What to produce:
Copy out the listing below exactly, please, and skip any pictures.

Data extract:
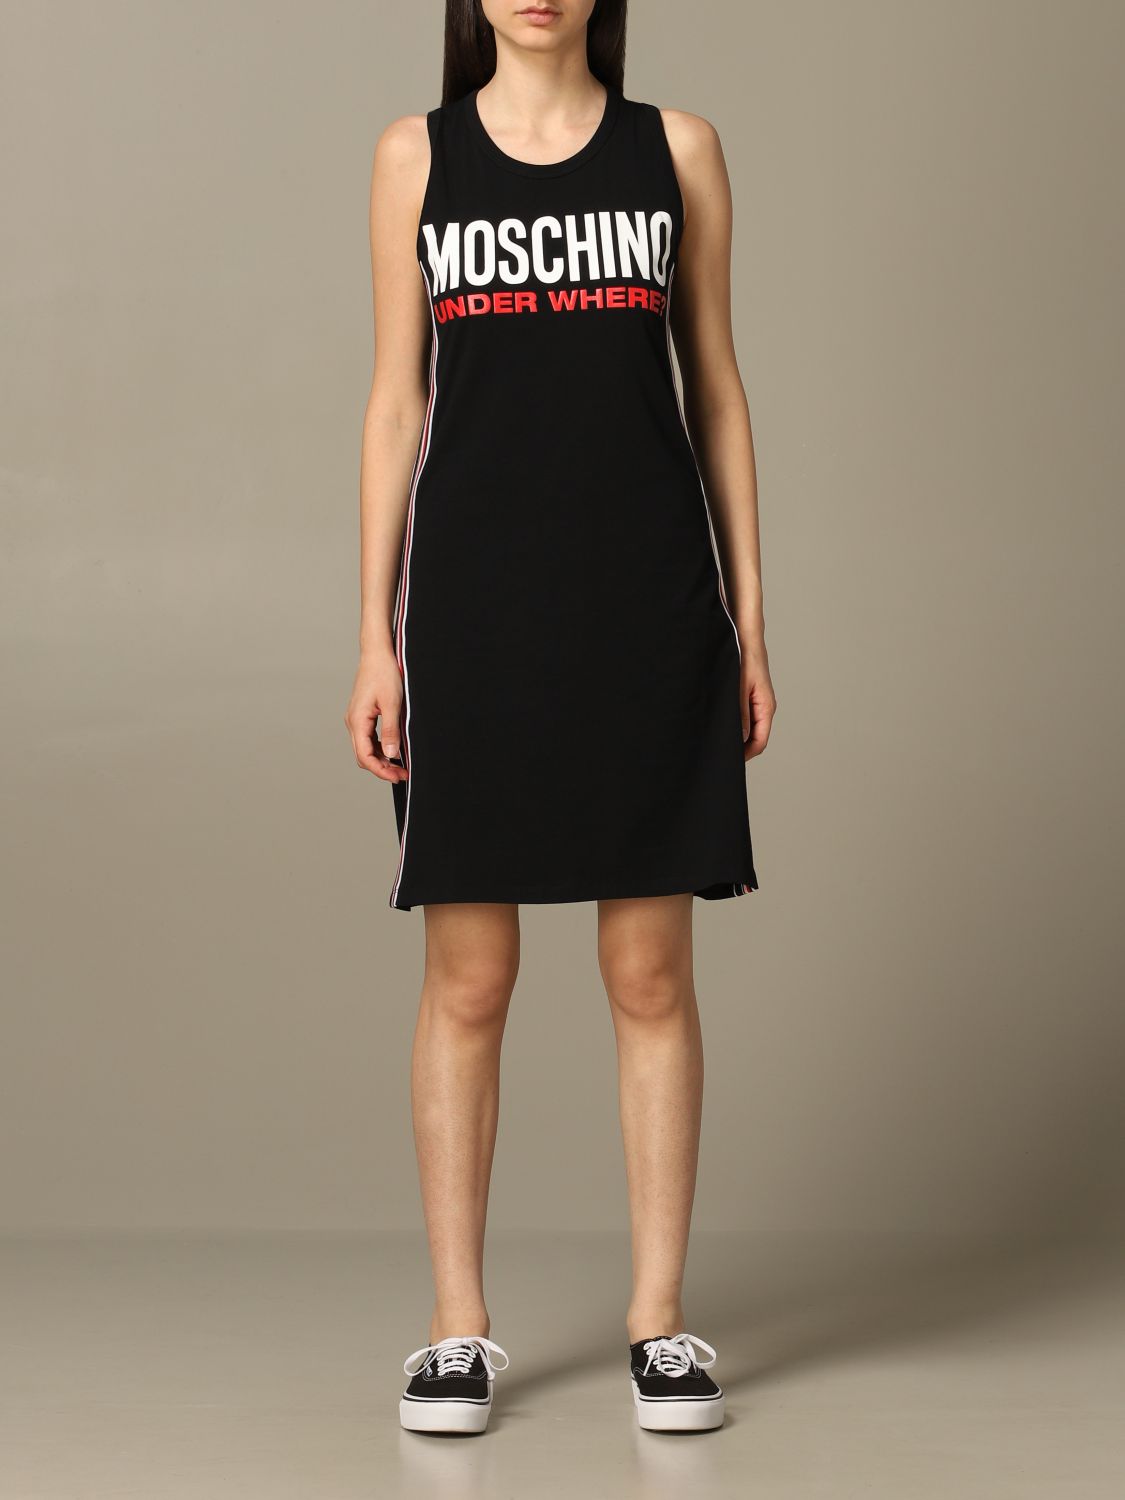 moschino top dress
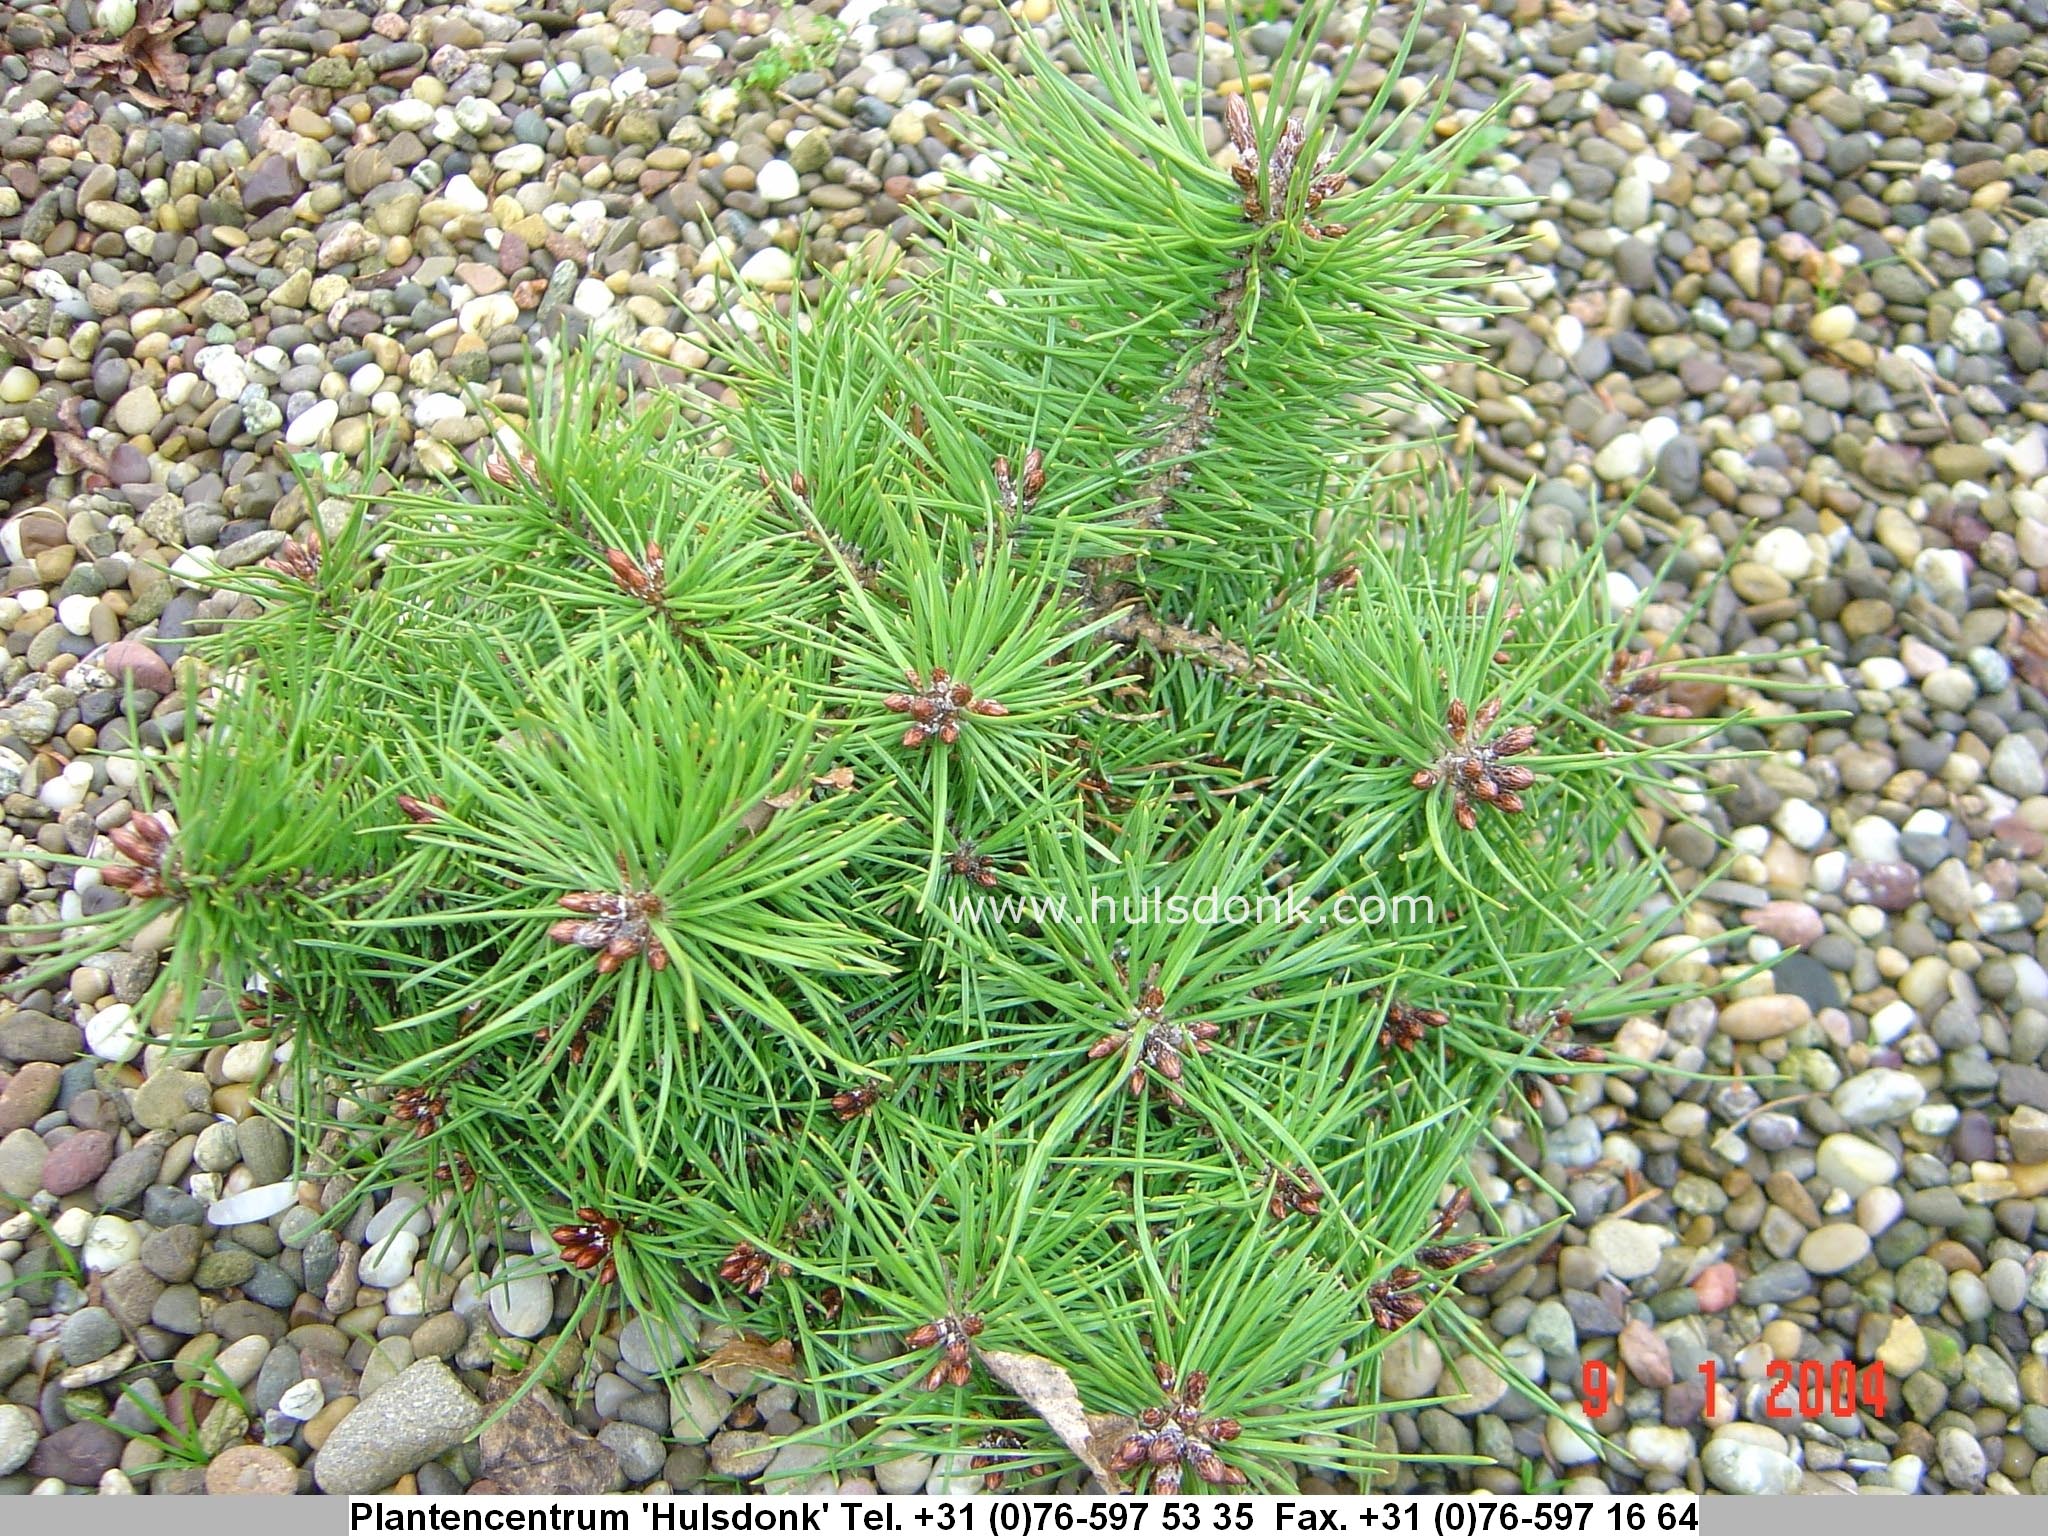 Pinus sylvestris 'Sandringham'
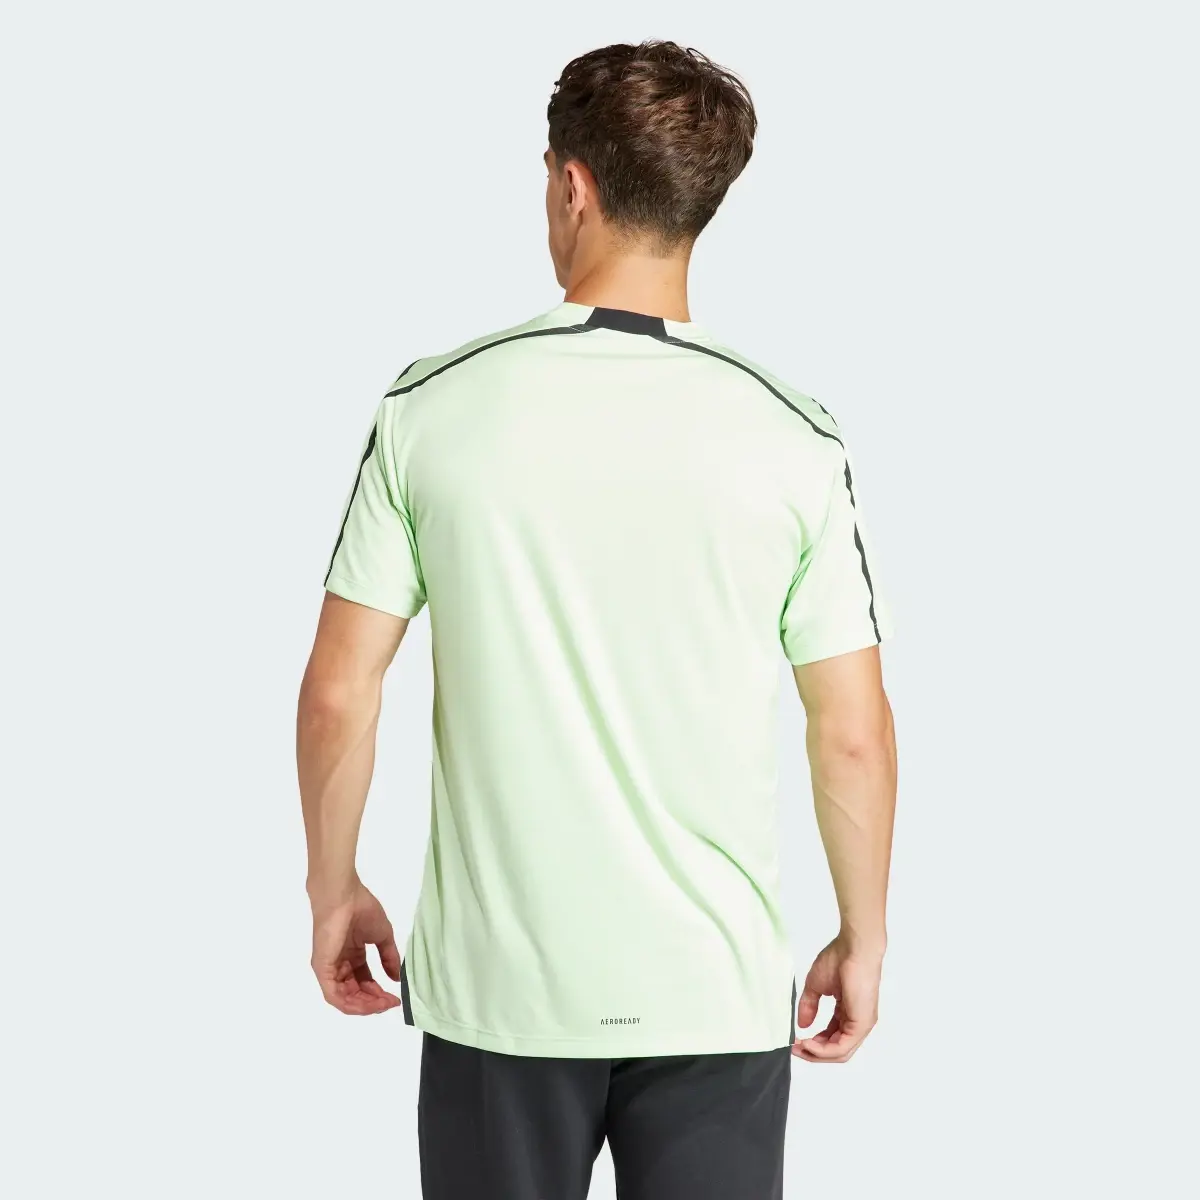 Adidas T-shirt d'entraînement Designed for Training Adistrong. 3

Written answer:
 moschino top dress
 Pinus sylvestris 'Sandringham'
 Adidas T-shirt d'entraînement Designed for Training Adistrong. 3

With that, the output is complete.